- **What to work on**:
Omit the pictures and retype only the lines from the one containing "Powertec 3x21 in" through the end of the listing, both ends included.

- **Data shown**:

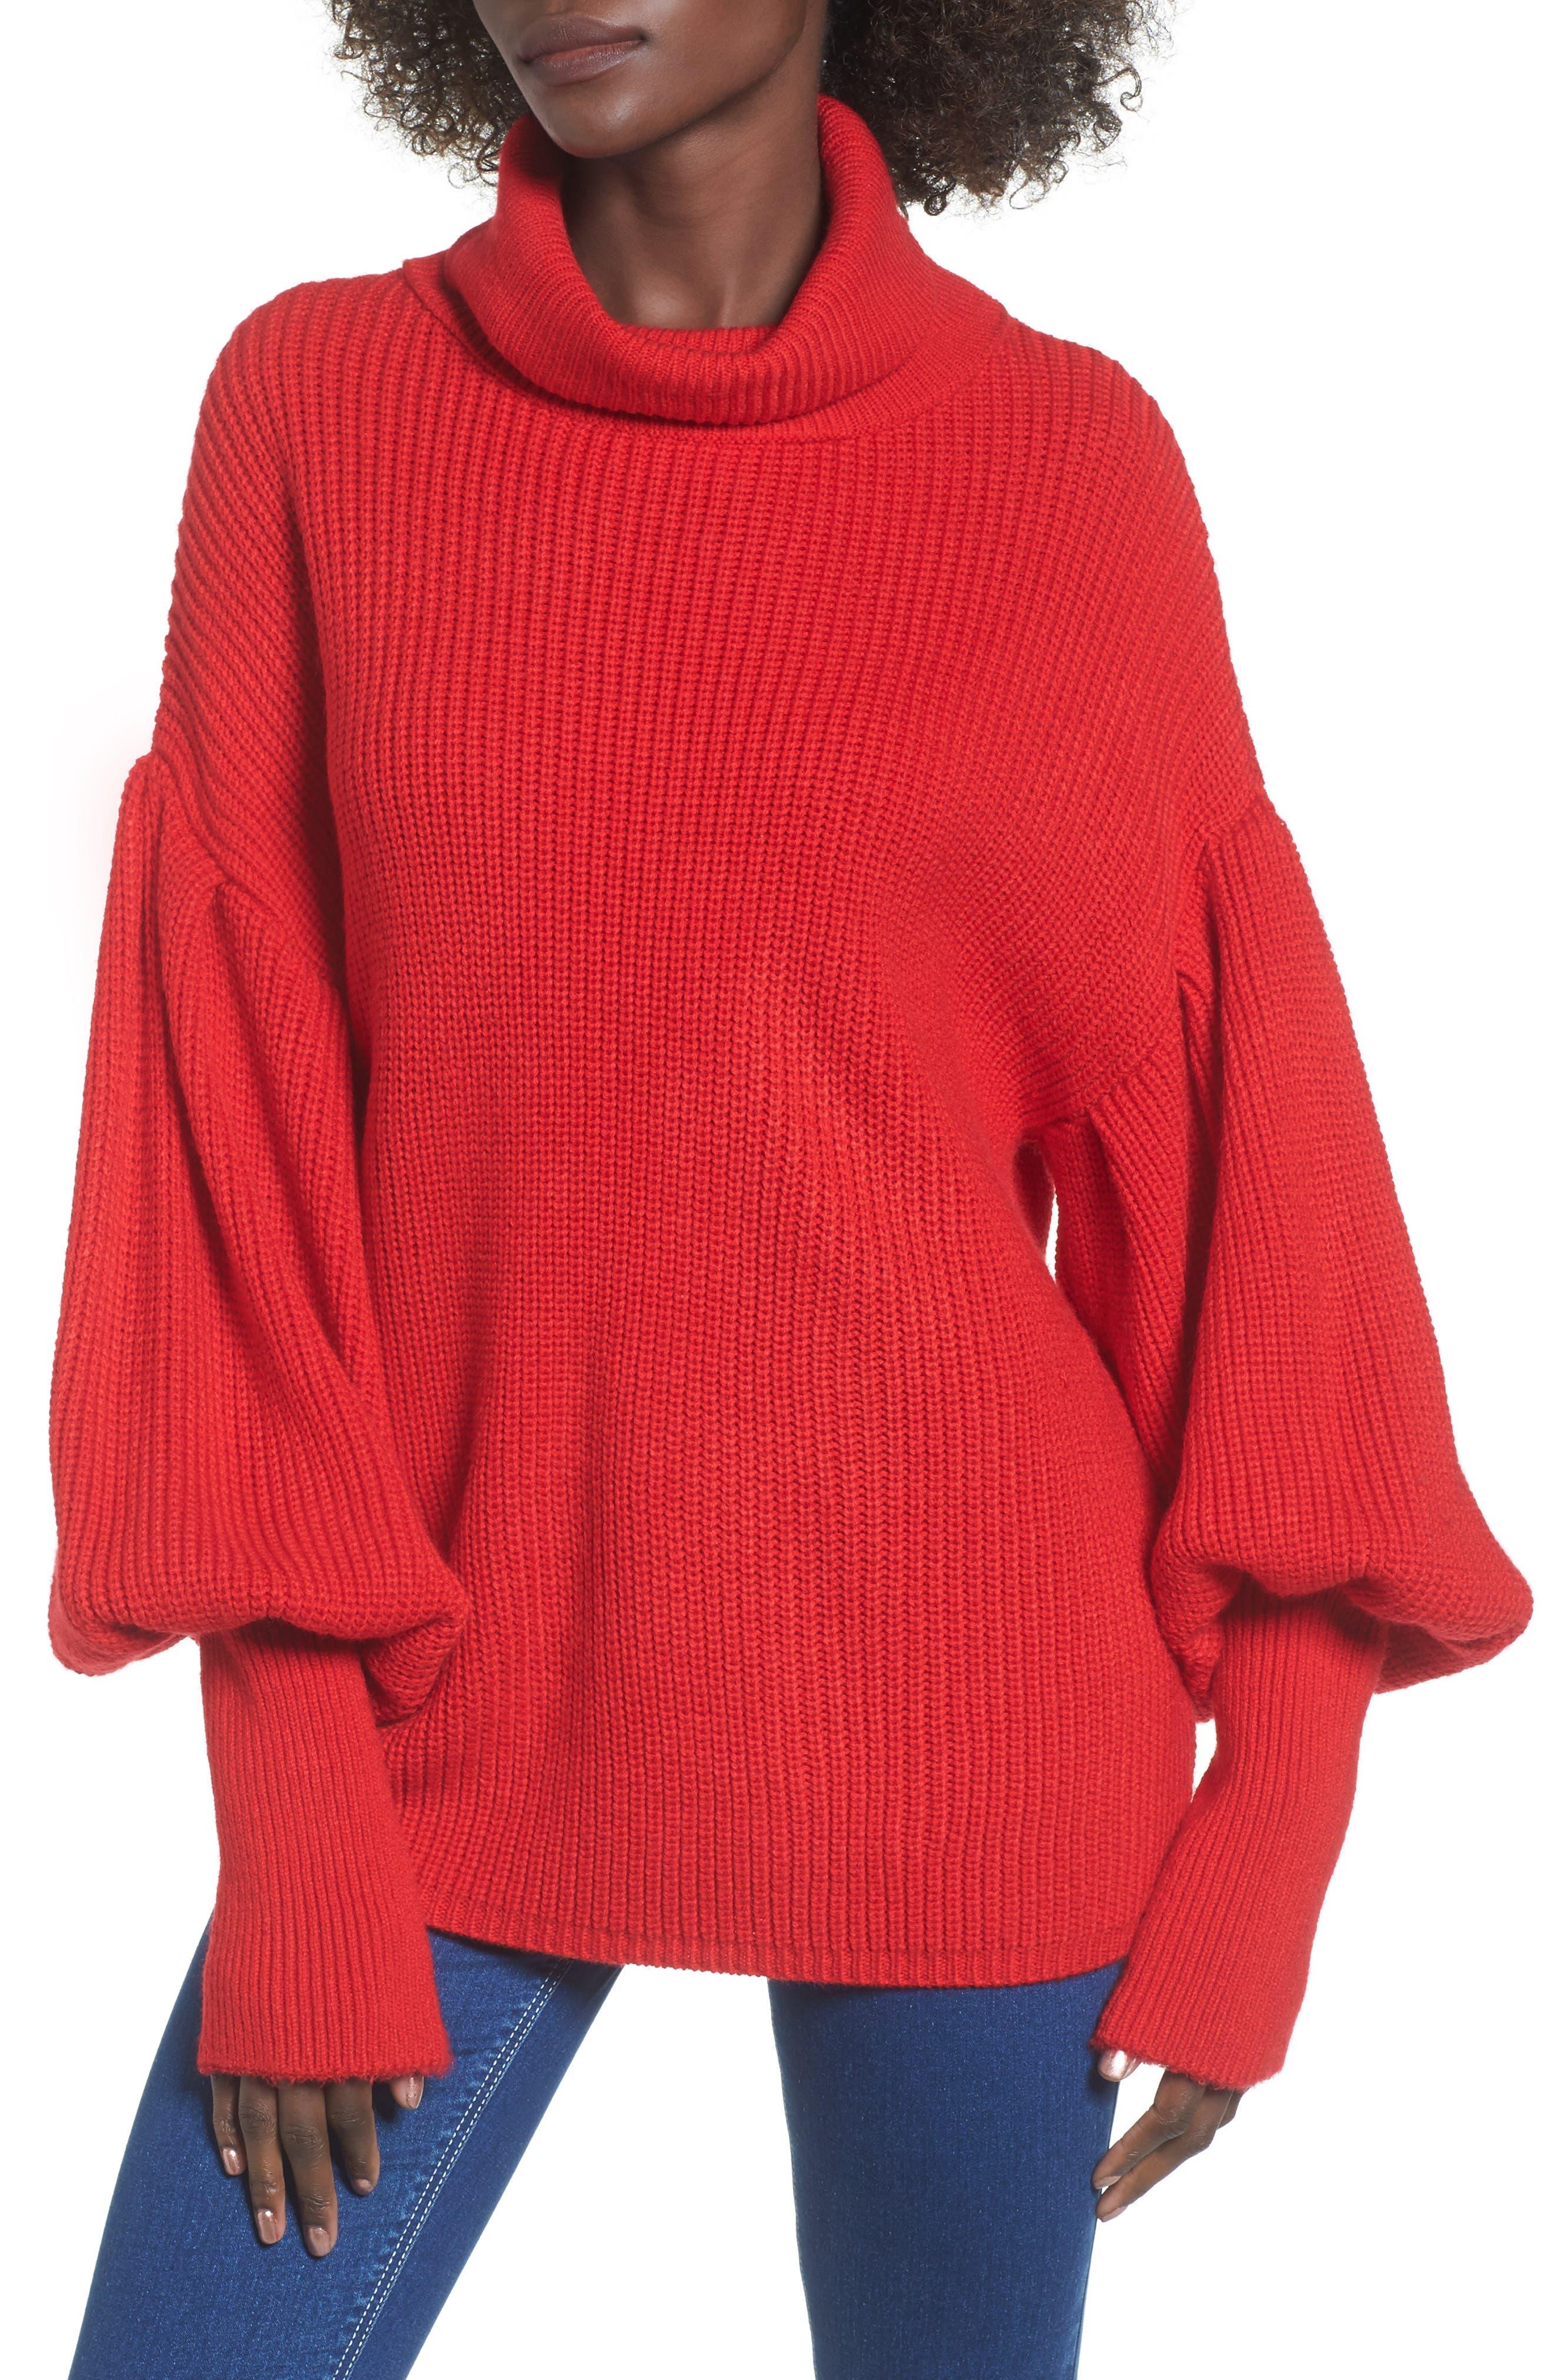 Main Image - Topshop Balloon Sleeve Turtleneck Sweater
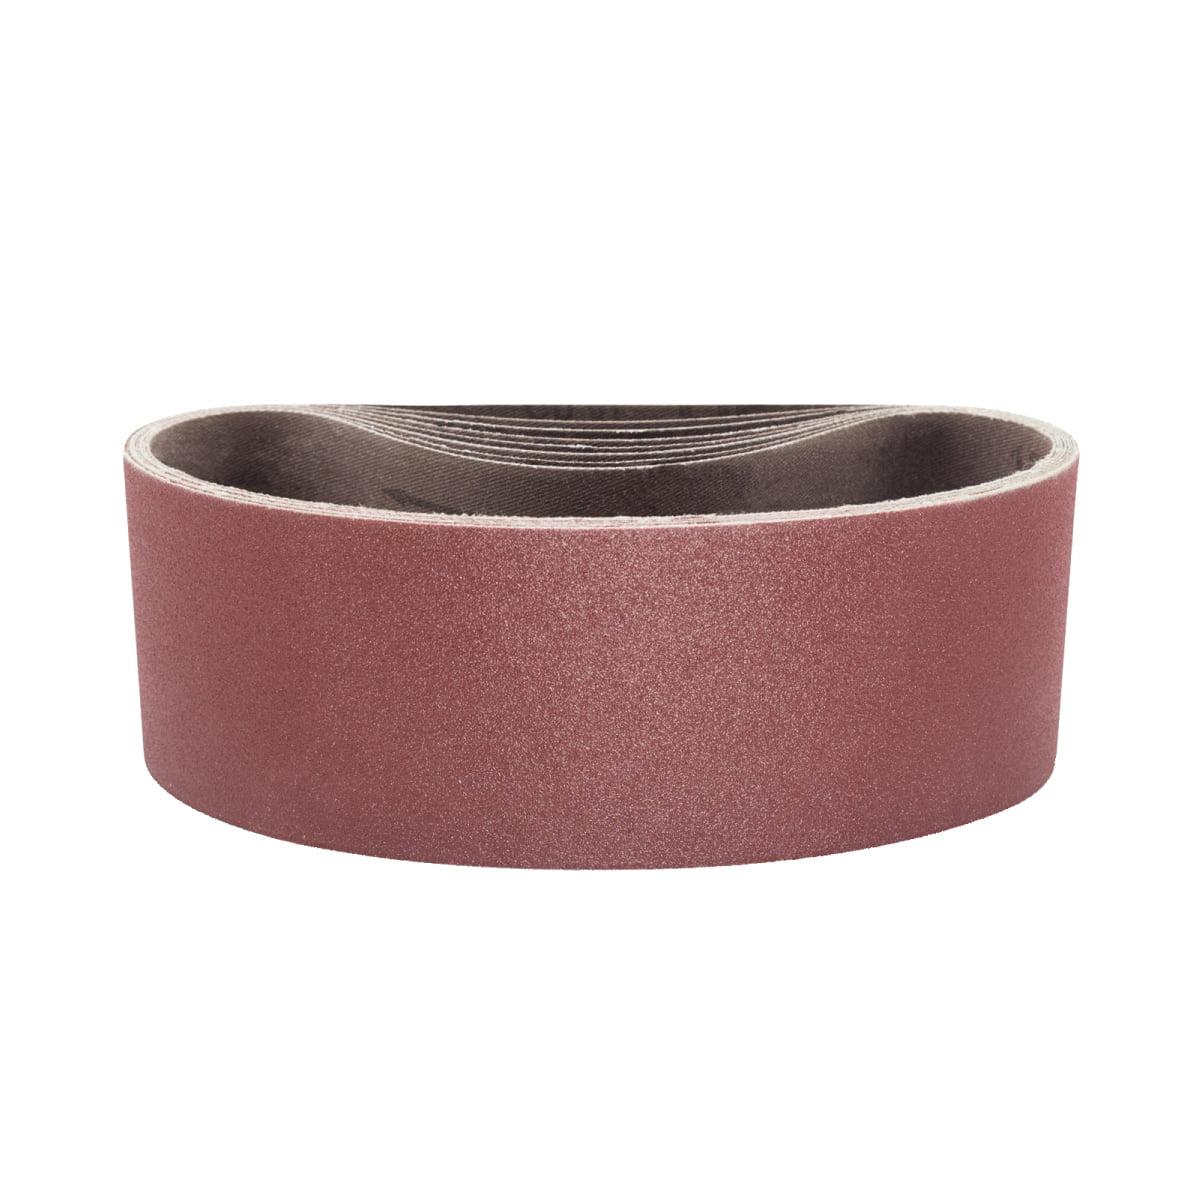 Powertec 3x21 in 120 Grit Aluminum Oxide Sanding Sandpaper Belt 10 Sander Belts
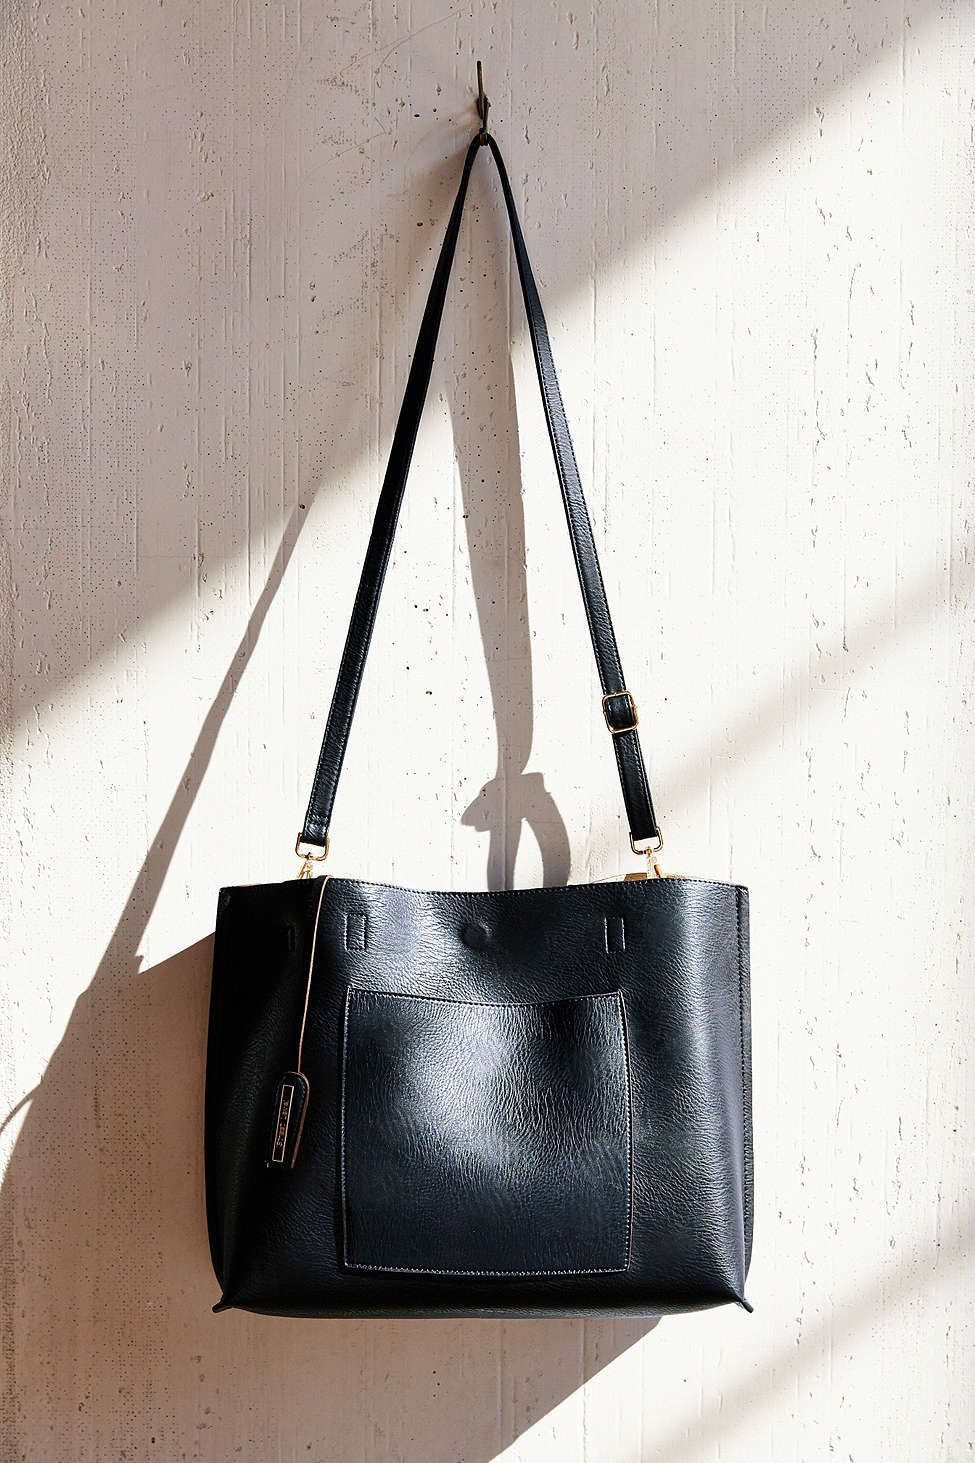 61ead85fb7e30 Reversible Faux Leather Tote Bag | Bags | Bags, Fashion bags ...

- **Answer box**:
 Powertec 3x21 in 120 Grit Aluminum Oxide Sanding Sandpaper Belt 10 Sander Belts
 61ead85fb7e30 Reversible Faux Leather Tote Bag | Bags | Bags, Fashion bags ...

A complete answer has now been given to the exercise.